## [Supplied data]
——————

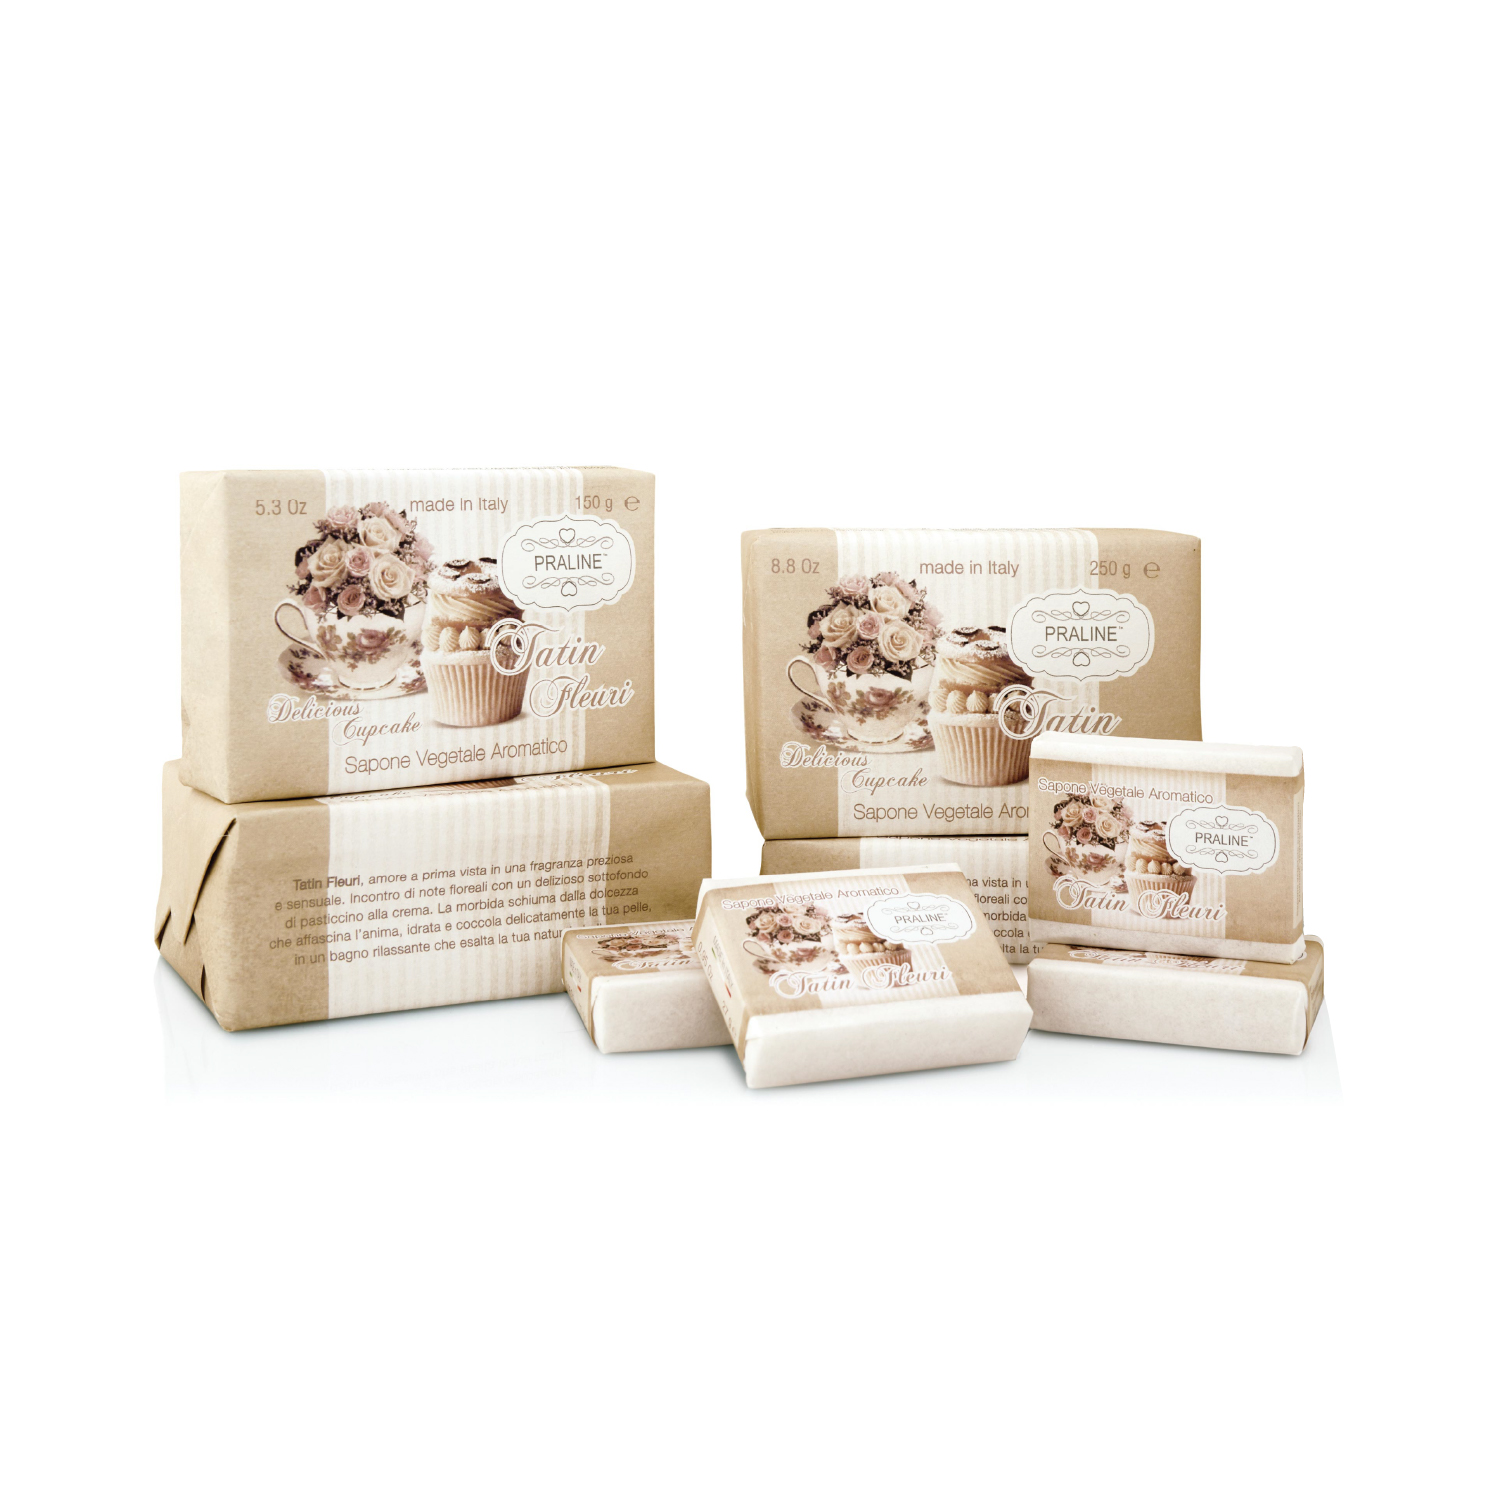 Vegetal Aromatic Soap – Solid Tatin Fleuri
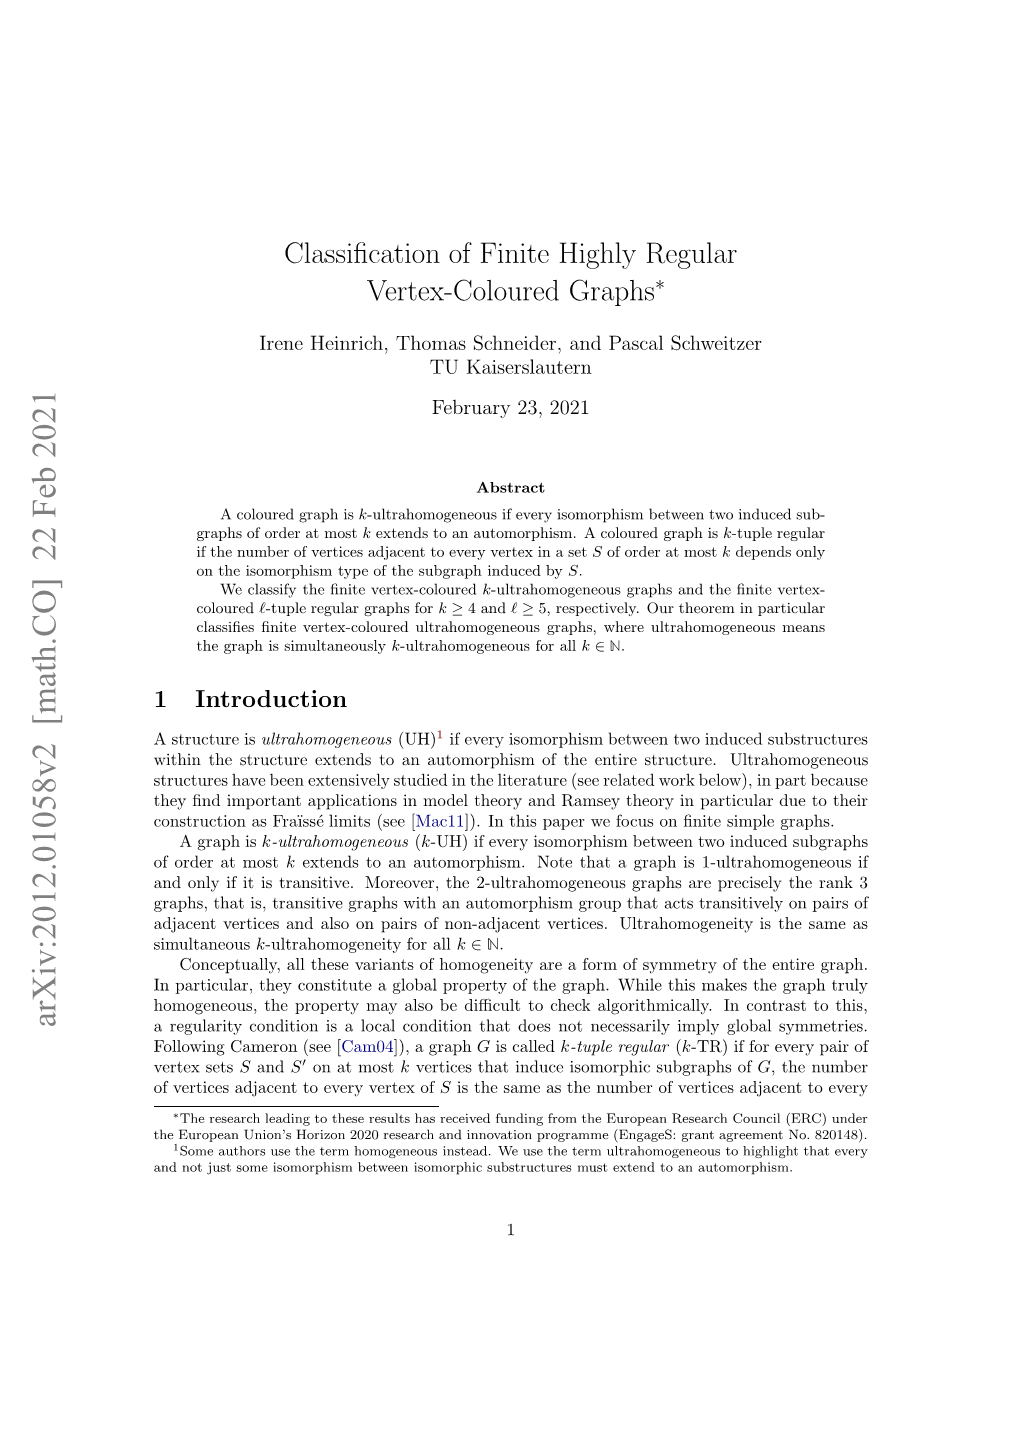 Classification of Finite Highly Regular Vertex-Coloured Graphs
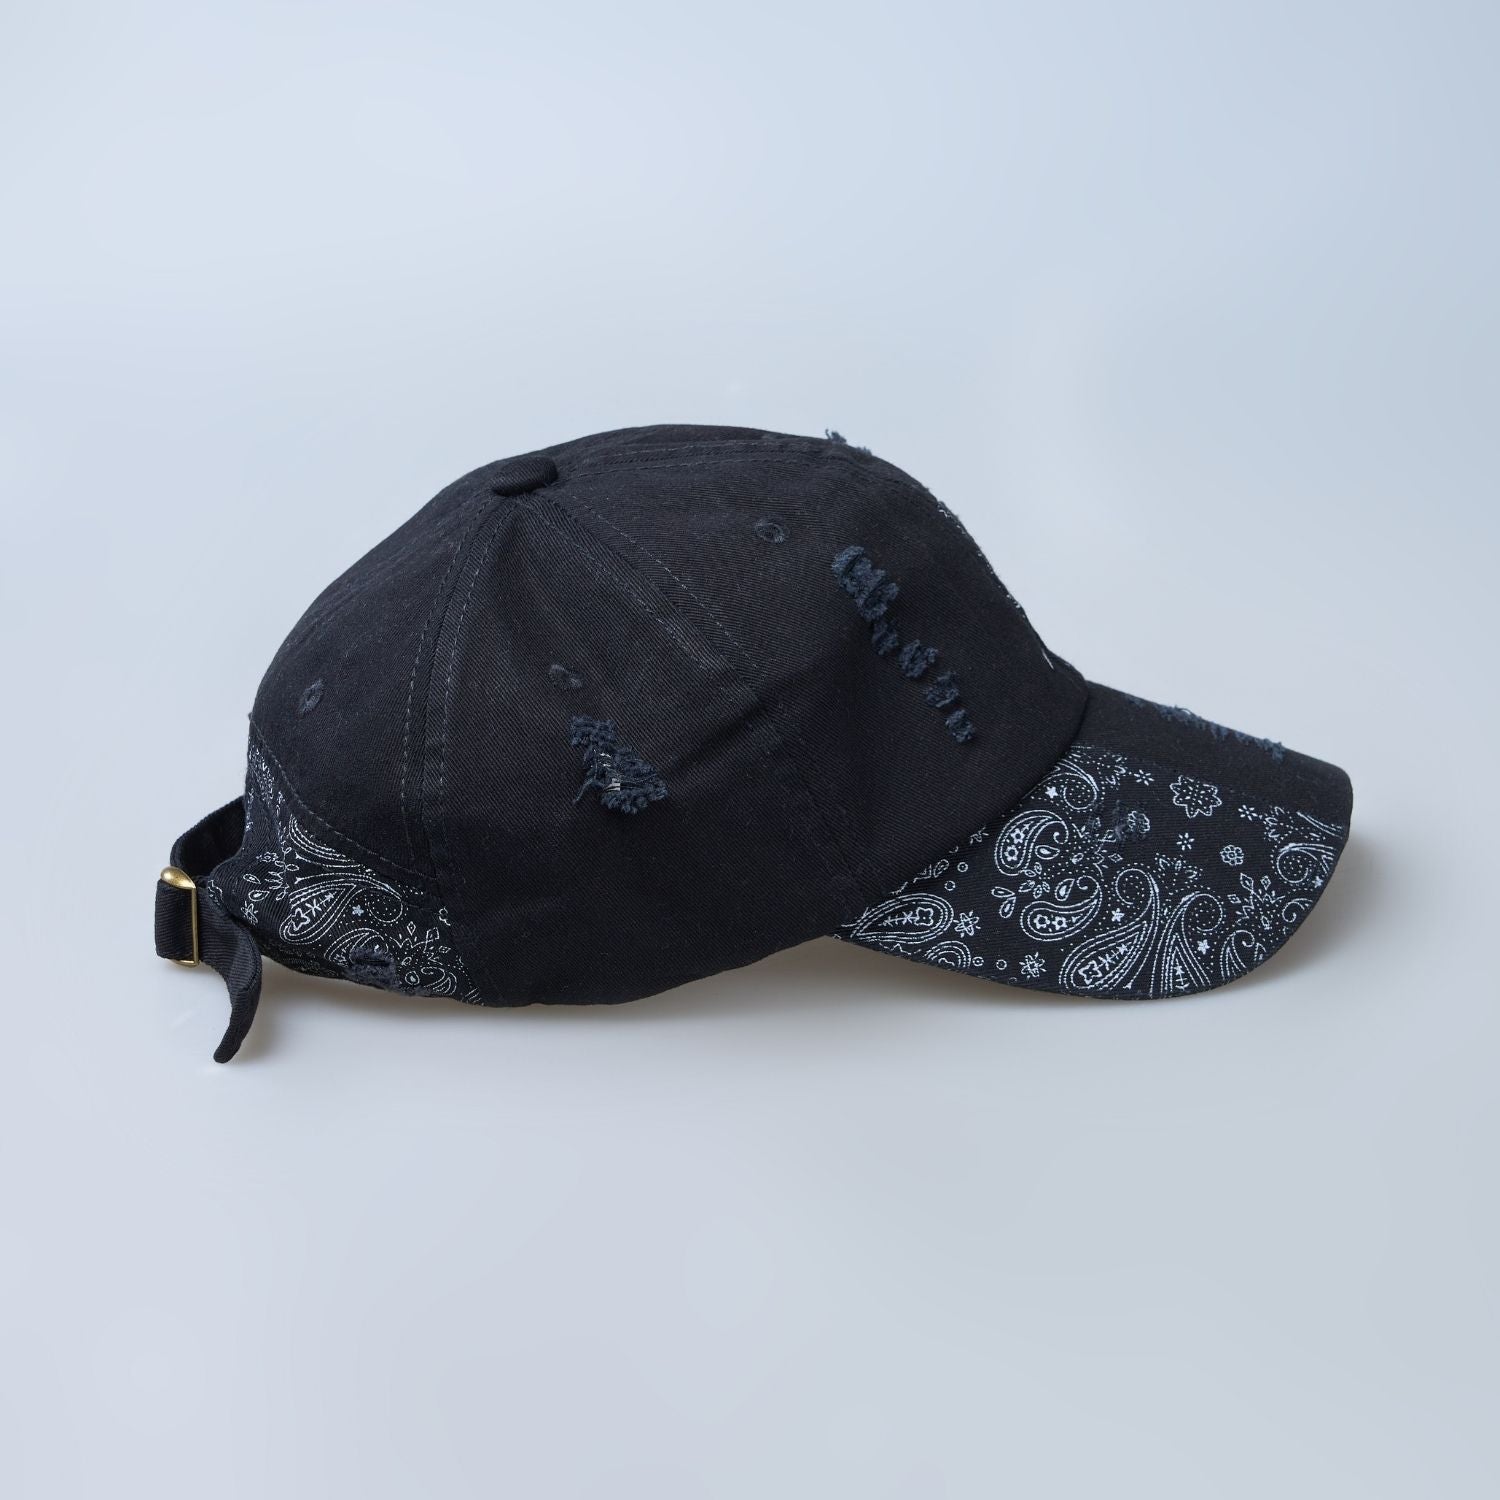 Black colored design patterned cap for men, Side view.

——————

## [What the exercise asks]
Repeat the listing verbatim, pictures excluded.

## [Solution to this problem]
 Vegetal Aromatic Soap – Solid Tatin Fleuri
 Classification of Finite Highly Regular Vertex-Coloured Graphs
 Black colored design patterned cap for men, Side view.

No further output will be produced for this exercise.